My Interview With Ed Burns
Friday, March 7th, 2008A couple of weeks ago, I interviewed Ed Burns, the co-creator of HBO’s The Wire. We covered the show, the drug war, criminal justice, police work, public education, and politics, as well as the upcoming HBO miniseries, Generation Kill.
The interview is now up at reason.
TheAgitator.com

I know this is off topic, but… no reaction to Don Armentano’s dismissal from Cato? We’re all wondering what you think.
wonderful interview- thanks
Burns has to be one of the dumbest people I’ve ever heard.
reason: What do you make of the “Stop Snitchin’” movement, the street campaign that discourages people from cooperating with police, which seems to have started in Baltimore?
Burns: Well, again, it’s something that’s incidental. It’s a symptom. If the police were connected, if the police were actively involved with the people in the neighborhood, the amount of information they would be getting would be so great….”
Really? Ed? Agipotater, isn’t the whole idea of your site to get the police out of our lives? Burns wants them more actively involved, sounds like liberal speak.
Ah, Pat.
Did you even read the rest of the interview?
It’s not about the police becoming a bigger part of your life. It’s about making them a trusted part of the neighborhoods they’re patrolling, instead of this “us versus them” mentality we have today. It’s about policing for real crimes, and working to make neighborhoods safer, not just racking up arrest statistics.
I think the “snitches” thing is also being misunderstood, here. Snitches benefit form talking. It is like getting paid for exposing someone, bigger. Prostitution of ones self, is what it is. You buy your way out of the lock-up with information that will hurt someone else! Some people cooperate with the cops, because they feel a legal, law abiding, obligation. And, they are not getting any benefit, unless they can get rid of the problem! In fact, if they are found out, they likely have put themselves, and their families, in danger. I find it interesting that many more snitches are not reported murdered, after exposing the wrong person to get out of a wrap. But a snitch is a whore. The person, telling the police that they do not like the house, that looks like the grand central station of drugs, in their neighborhood, is not a snitch. They are a concerned citizen. Albeit, very misled.
Too bad they are concerned for all of the wrong reasons, fed to them by this crazy idea that the drug war is a good thing! These citizens are hurting people because they don’t like them and the “pestilence” they bring. Too bad they don’t see the hypocrisy by comparing that to alcohol and cigarette deaths in our country!!
> It’s not about the police becoming a bigger part of your life. It’s
> about making them a trusted part of the neighborhoods they’re
> patrolling, instead of this “us versus them” mentality we have
> today. It’s about policing for real crimes, and working to make
> neighborhoods safer, not just racking up arrest statistics.
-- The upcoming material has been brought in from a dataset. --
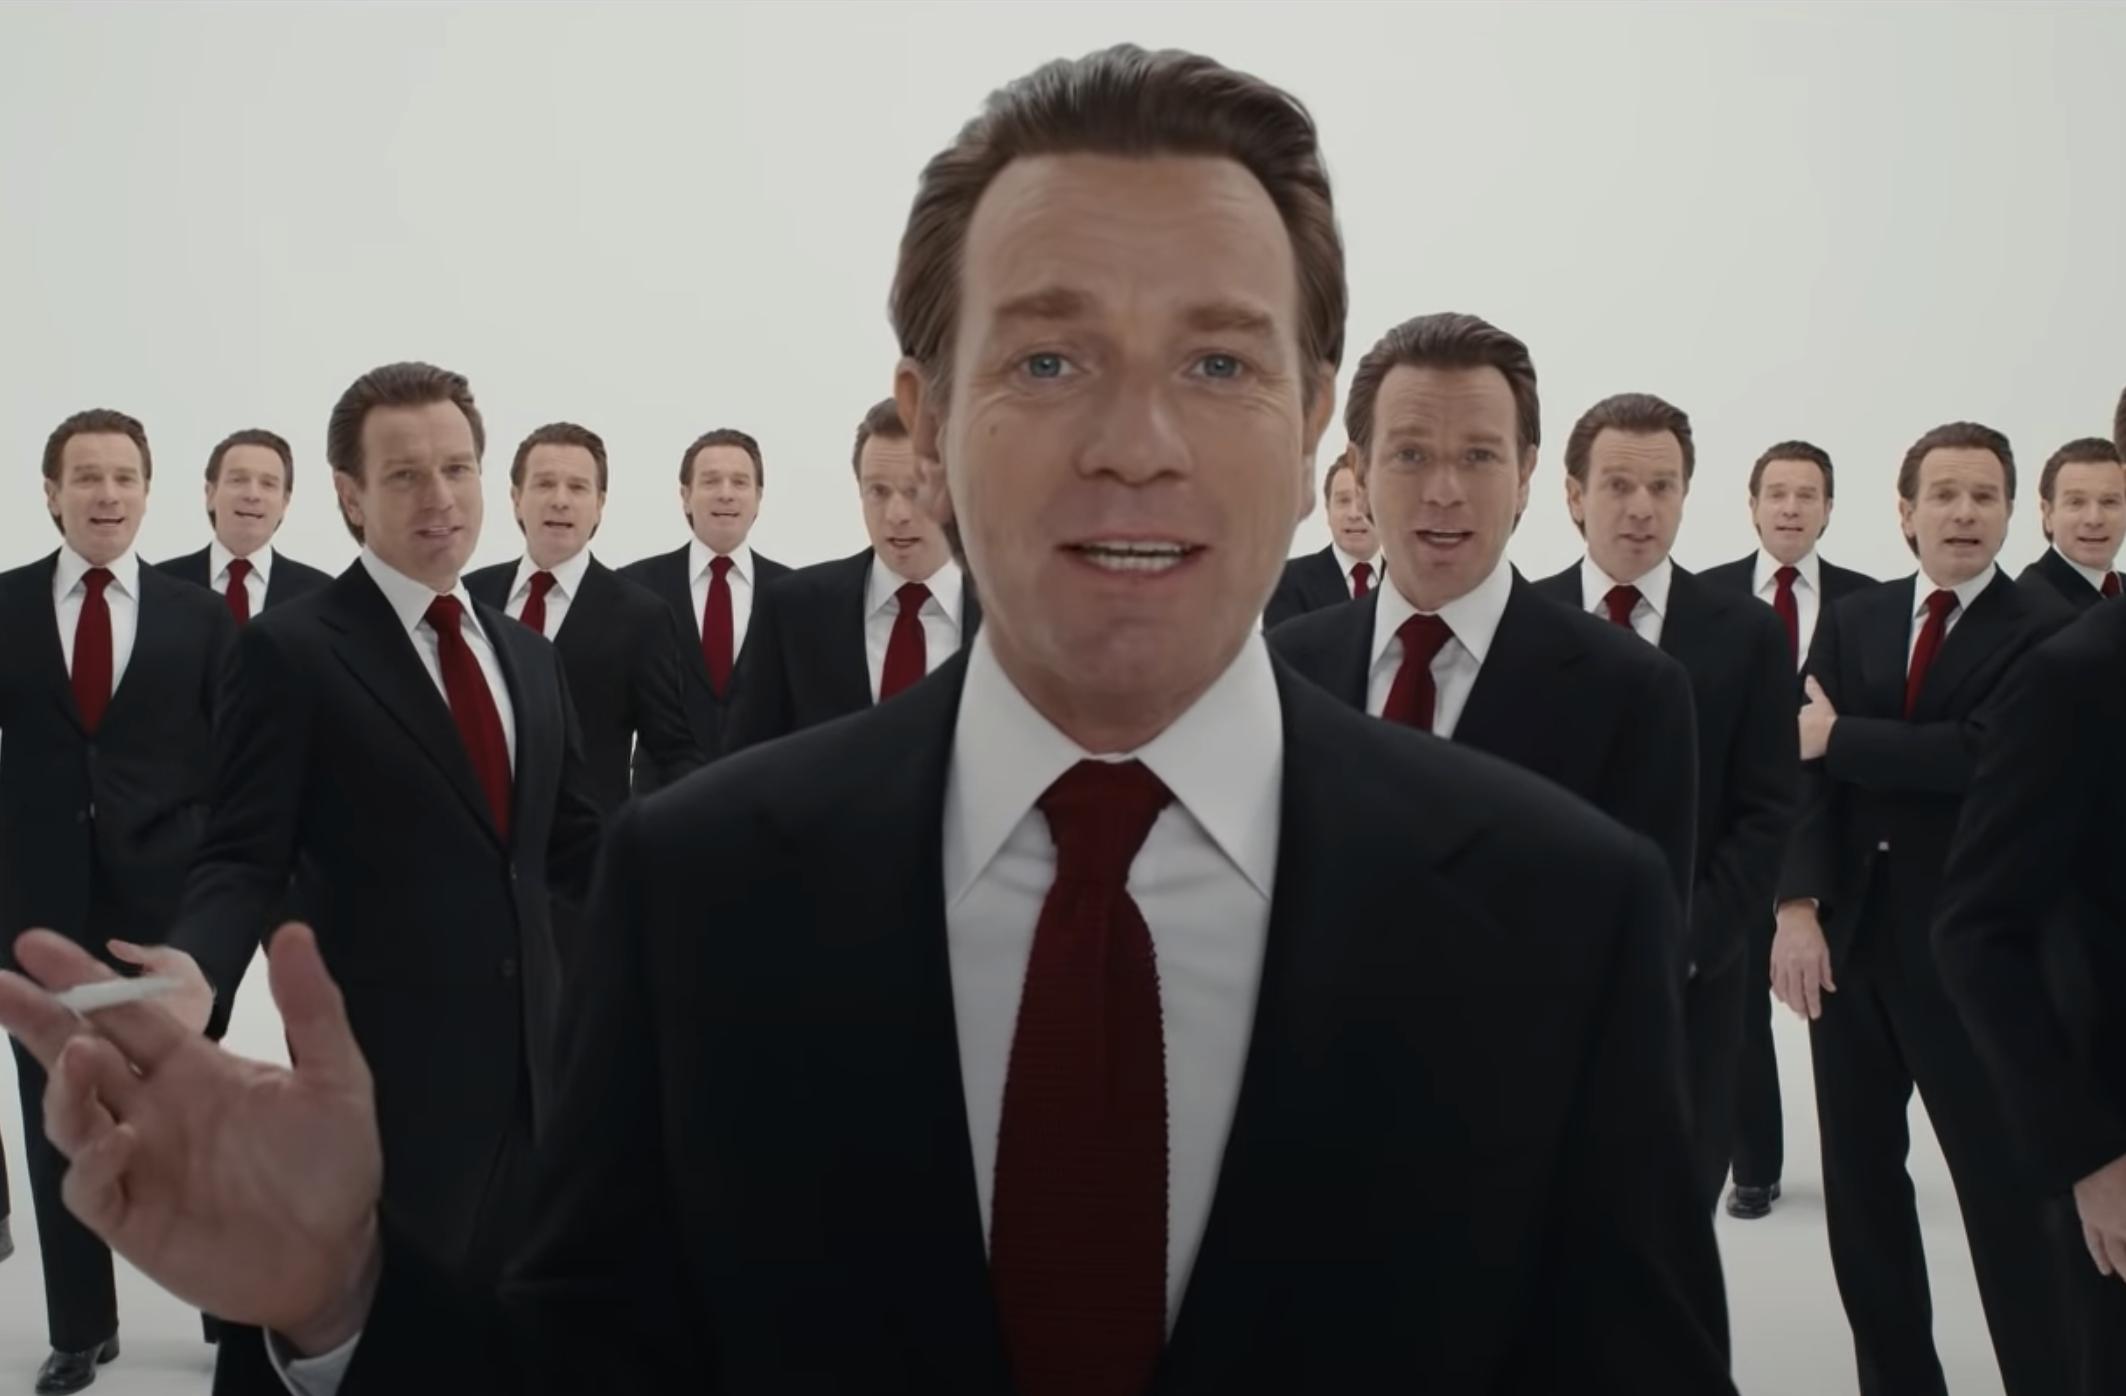 Cena da série Halston. Ewan McGregor, um homem branco, ruivo, de paletó e gravata vermelha está posicionado no centro, da cintura para cima. Atrás, também podemos ver várias reproduções de Ewan, todos usando a mesma roupa.

So long as part of the *job-description* of being a police officer is to arrest people for bullshit “consensual crimes” (as opposed to those “real crimes”), this is flat-out IMPOSSIBLE. Not, mind you, slight impossible or half impossible or even mostly but not necessarily totally impossible — It’s IMPOSSIBLE.
When police are required to be unethical human-beings, then unethical human-beings will come to dominate police forces. No mystery there.
I think the no snitch stuff is aimed towards people who see crime in the neighborhood and want to report it. Not the confidential informants who are usually the scumbags bitching about not snitching.
There was a picture in our local paper of 2 little kids that were beat and starved by drug addicted parents, (pot, meth, coke). The drug war is not working, but legalization would be rough. Sometimes in life even the smartest people can’t fix our hardest problems.
I’m sorry Agipotater, but Burns just sounds windy, not really saying anything of substance. I know you like that show and maybe it’s a good show but that doesn’t make the guy able to solve poverty in the “inner cities”, and all the blah blah blah stuff he was spouting.
I haven’t read James Wilson’s Atlantic Monthly article since college, but I thought part of “the old broken windows theory” WAS community policing.